Le Japon, génie caché de l'intelligence artificielle
Pour Jérémie Capron du fonds Roboglobal, « les Japonais demeurent les maîtres du composant à haute technologie ».
Vous rentrez du forum CES à Las Vegas.Quelle est votre impression de la présence japonaise sur l’intelligence artificielle ?

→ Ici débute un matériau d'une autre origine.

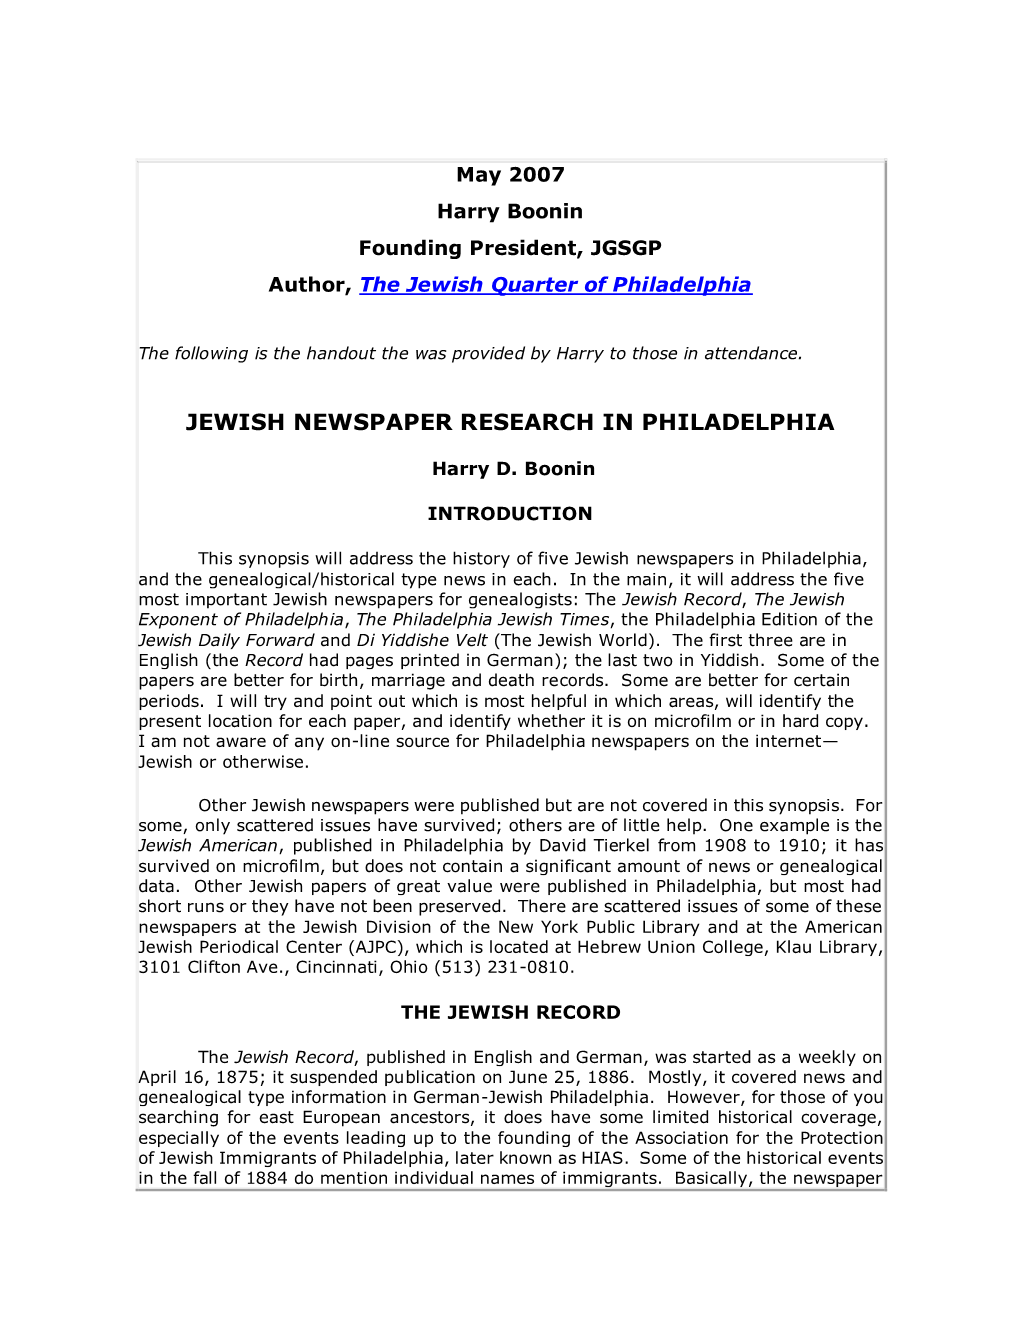 Jewish Newspaper Research in Philadelphia

Le vrai domaine d’excellence des Japonais demeure les composants à très haute technologie. Dans certains secteurs, ils ont constitué des oligopoles à l’échelle de la planète sur des pièces clé. Au point qu’aujourd’hui la robotique industrielle voit sa croissance faiblir parce que les fabricants japonais de certaines pièces clé ne parviennent pas à répondre à la demande. C’est le cas de Nabtesco et d’Harmonic Drive sur les réducteurs de vitesse ou de THK sur les actuateurs. De leur côté les Japonais SMC et CKD contrôlent une partie de la fabrication des valves pneumatiques qui assurent le mouvement des pièces mécaniques des robots ; les Taiwanais d’Airtac ont essayé de les chatouiller un peu avec une offre de produits un peu moins performants mais nettement moins chers, mais les Japonais se sont ressaisis. Keyence enfin est une sorte d’Apple japonais.Comme lui, ils ont abandonné la production - ce que ne font presque jamais les Japonais - dans les années 90 pour se concentrer sur l’innovation et la vente. Ils dégagent un bénéfice d’exploitation de 40% ! Ils se sont concentrés sur l’équipement pour l’usine de demain : l’usine numérique. Pour elle, Keyence fabrique les capteurs optiques qui permettent d’inspecter les composants électroniques.C’est probablement la plus belle entreprise que j’aie analysée de ma carrière : croissance, innovation, marge,retour sur investissement...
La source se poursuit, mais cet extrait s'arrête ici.